Wittgenstein and the Unwritten Part of the Tractatus
Wittgenstein and the Unwritten Part of the Tractatus


In a well-known letter to Ludwig Ficker, Wittgenstein mentions that there is an unwritten part of his Tractatus, and it is this unwritten part that actually matters. What is this unwritten part? What does Wittgenstein try to convey in this unwritten part? Why is it unwritten? I argue that this unwritten part is his view on ethics. If we read the Tractatus carefully, it would become crystal clear that Wittgenstein is nowhere near to moral indifferentism or moral emotivism. But Wittgenstein does hold the view that ethics is ineffable, for our language is limited in nature. I also argue that, to Wittgenstein, it is actually its being unwritten that ethics could be meaningfully being talked about.

Table of contents

    1. Problematic

    Any attempt to link Wittgenstein’ philosophy to ethics seems odd. First of all, it is an open question whether Wittgenstein cares about ethics (as a serious branch of philosophy) at all. It is true that Wittgenstein seldom talks about ethics, except 6.4 through 6.54 of the Tractatus and his “Lecture on Ethics”; as for his Philosophical Investigations, ethics seems to be out of the picture. It seems legitimate to question any attempt to link his ideas to ethics if he himself does not deal with ethics directly in the core of his philosophical work. Secondly, even if he has some scattered comments on ethics, it does not imply that he has an ethics of his own. According to a former pupil’s recollection, Wittgenstein seems to consider moral problems case by case. (Rhees 1965:17-26) It seems true that Wittgenstein does not think that we can formulate any systematic guidance on our moral behaviors.

    Even so, I believe it is wrong to overlook Wittgenstein’s relation to ethics, which should be clear if we read his Tractatus carefully.
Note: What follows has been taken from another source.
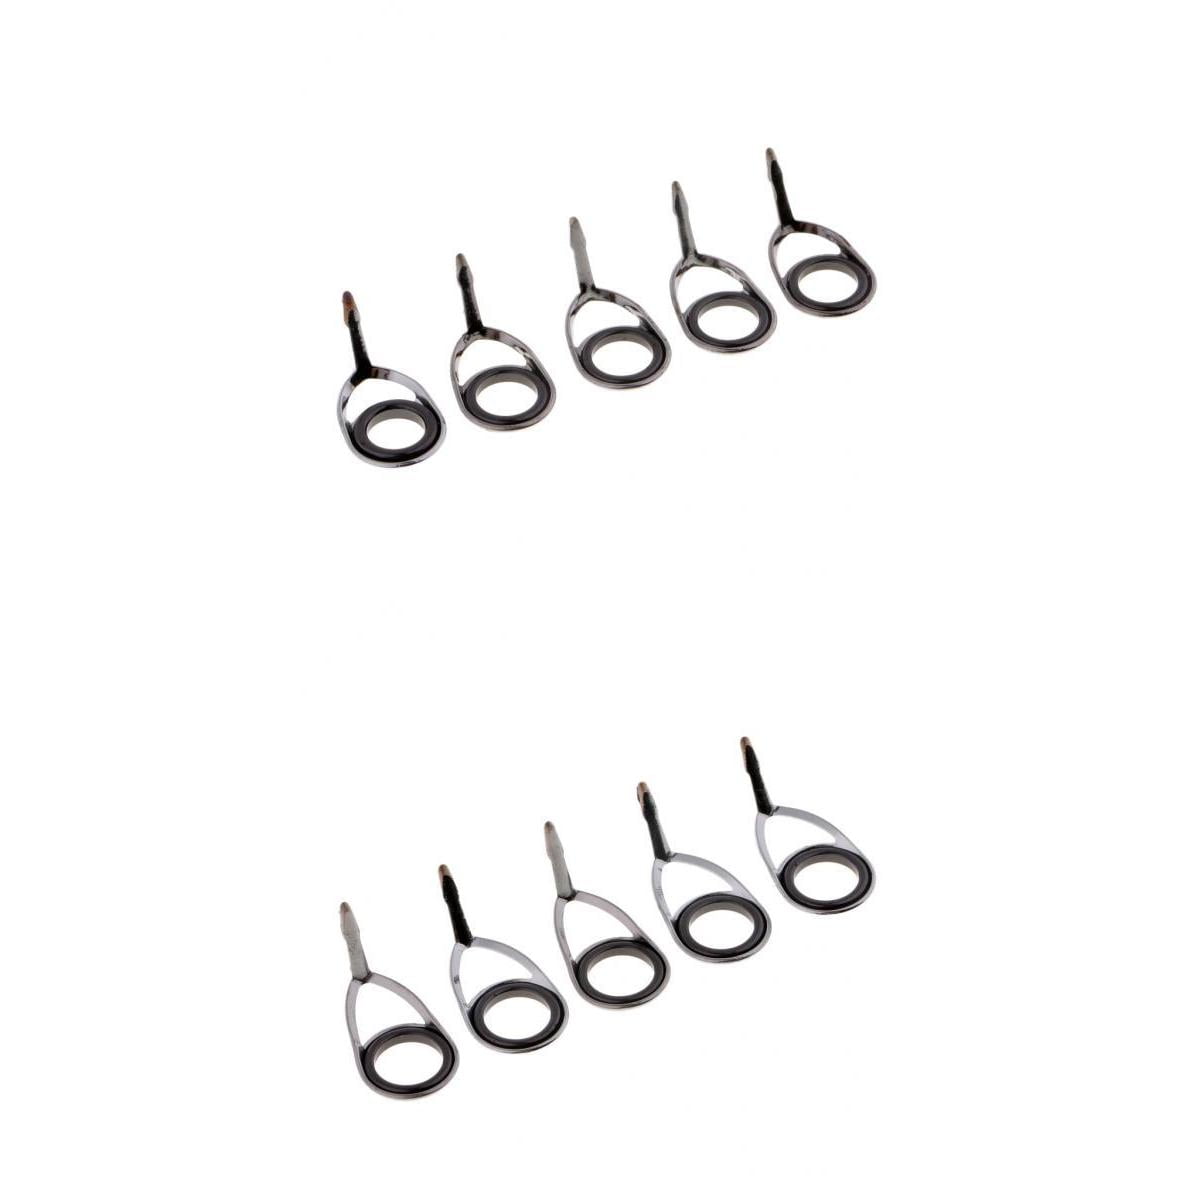 10pcs Stainless Steel Fishing Rod Guide Tip Repair Kit Eye Ring Replacement

In a well-known letter to Ludwig Ficker, Wittgenstein claims that the Tractatus is basically an ethical one, and he also mentions that there are two parts of his Tractatus, the written part and the unwritten part, and it is the unwritten part that actually matters. (Luckhardt 1979: 94) In this paper, I shall answer the following questions: What is this unwritten part? What does Wittgenstein try to convey in this unwritten part? Why is it unwritten? I argue that this unwritten part is his view on ethics. If we read the Tractatus carefully, it would become crystal clear that Wittgenstein does take ethics seriously. But Wittgenstein does hold the view that ethics is ineffable, for our language is limited in nature. I also argue that, to Wittgenstein, it is actually its being unwritten that ethics could be meaningfully being talked about by us.
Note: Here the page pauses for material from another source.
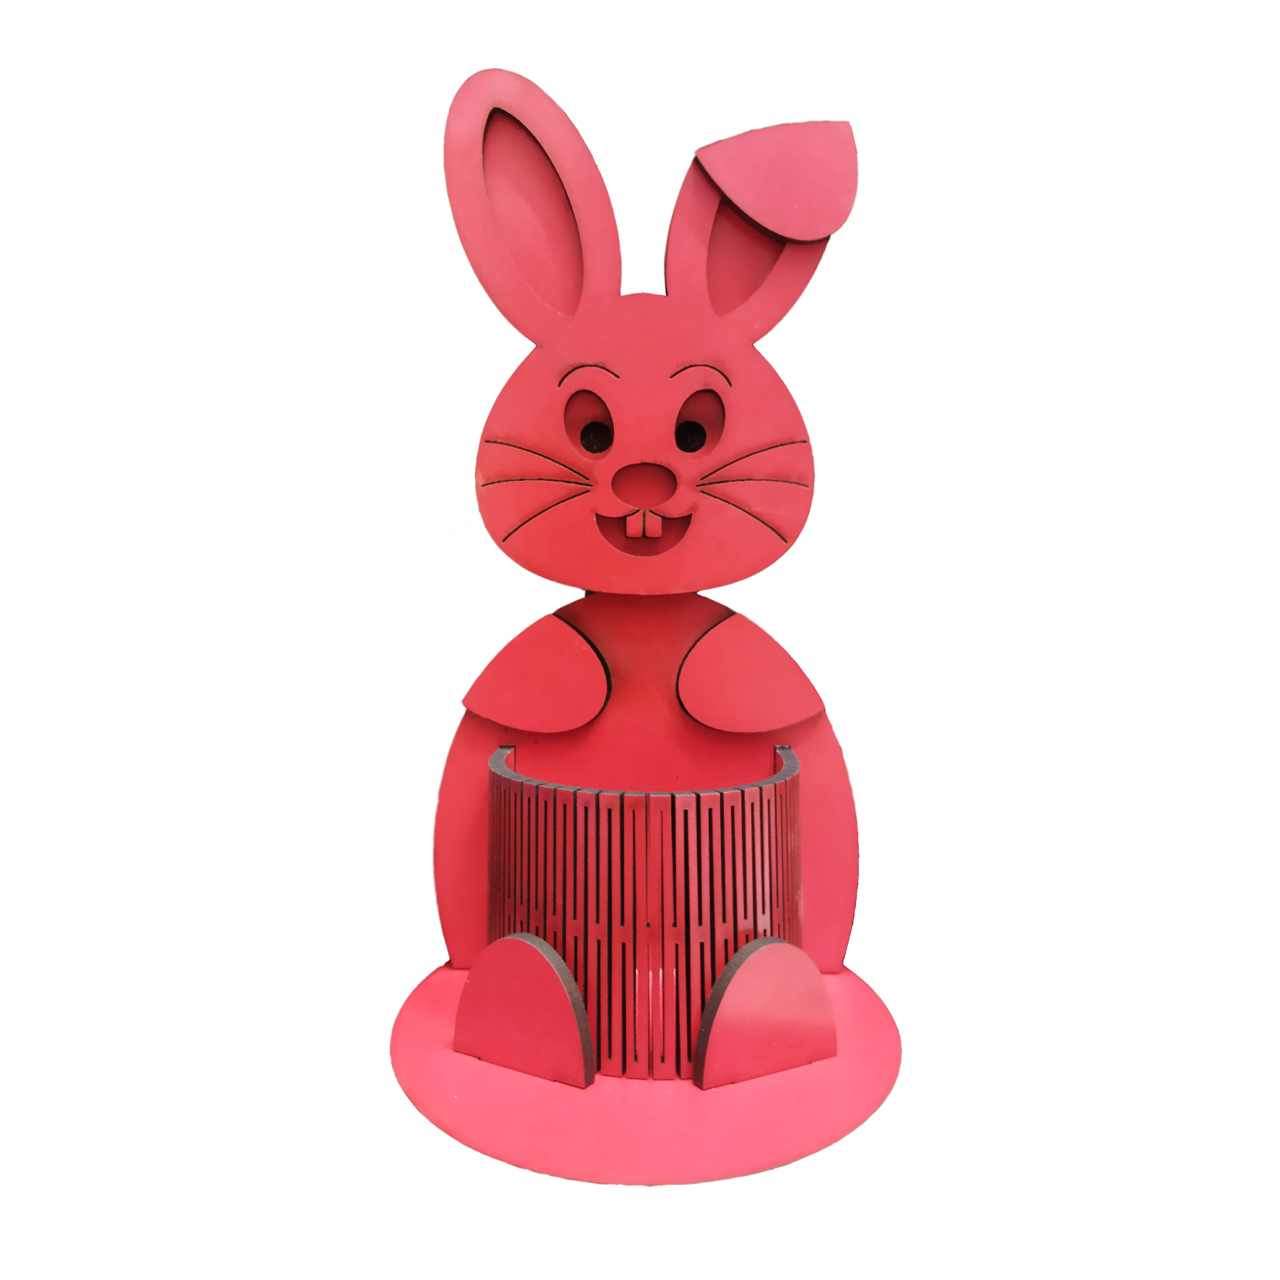 جامدادی رومیزی مدل خرگوش کد25

    2. Ethics and the limits of language

    The early Wittgenstein has long been regarded having tremendous influence on the logical positivist movement and especially its rejection of metaphysics and nonsensical language, such as ethics, religion and aesthetics. The publication of Ayer’s Language, Truth and Logic in 1936 epitomizes how the early Wittgenstein was interpreted in that vein. Ayer claims that a metaphysician is a kind of “misplaced poet” and statements of value are not literally significant and are simply “expressions of emotion which can be neither true nor false.” (Ayer 1952: 136) In a logical positivist’s mindset, ethics is marginalized and is thrust to the periphery of philosophical enterprise, which adds to the impression of Wittgenstein’s seemingly indifference to ethics. This interpretation is definitely contrary to the early Wittgenstein’s intention. Even Ayer himself later on recognizes his misinterpretation of the early Wittgenstein’s intention. (Ayer 1985: 31-33) The early Wittgenstein certainly does not look down on ethics as misplaced poetry or even marginalize its significance. Wittgenstein’s intention is made clear in his “Lecture on Ethics.” In this lecture, he holds the human tendency to think ethical problems in high esteem and says: “I personally cannot help respecting deeply and I would not for my life ridicule it.” (Wittgenstein 1965: 12) This is a clear proof that Wittgenstein does not endorse moral indifferentism.

    In the letter to Ficker, Wittgenstein claims that there are two parts in his Tractatus, the written one and the unwritten one. What is striking is that he says that the unwritten one is the important one. In understanding Wittgenstein’s intention, we should read his early writings carefully, especially the Tractatus, mostly from 6.4 through the end of the book as well as his “Lecture on Ethics.” These two works demonstrate the influence of his early philosophy of language on his understanding of ethics. It should be noted that Wittgenstein has a broad concept of ethics throughout his life, which is closely related to the ideas of religion, the will, a goof life, qualities of an action and even aesthetics. In his mind, ethics is certainly not a fantasy like a unicorn, but he does not think that we can talk meaningfully about ethics, such as the existence of God. There are two reasons for that. First, according to his picture theory of language, we cannot formulate propositions of ethics, for we cannot picture those things to ourselves. When we say the words God or good, our expressions do not correspond to any facts or simple objects. The ethical language we use in our everyday life has no sense at all. It is nonsensical, for it does not picture anything to us. This is what he means by nonsensical, nothing more. In his early years, Wittgenstein holds a very strict correspondence theory of language, and he believes that our language corresponds to simple objects.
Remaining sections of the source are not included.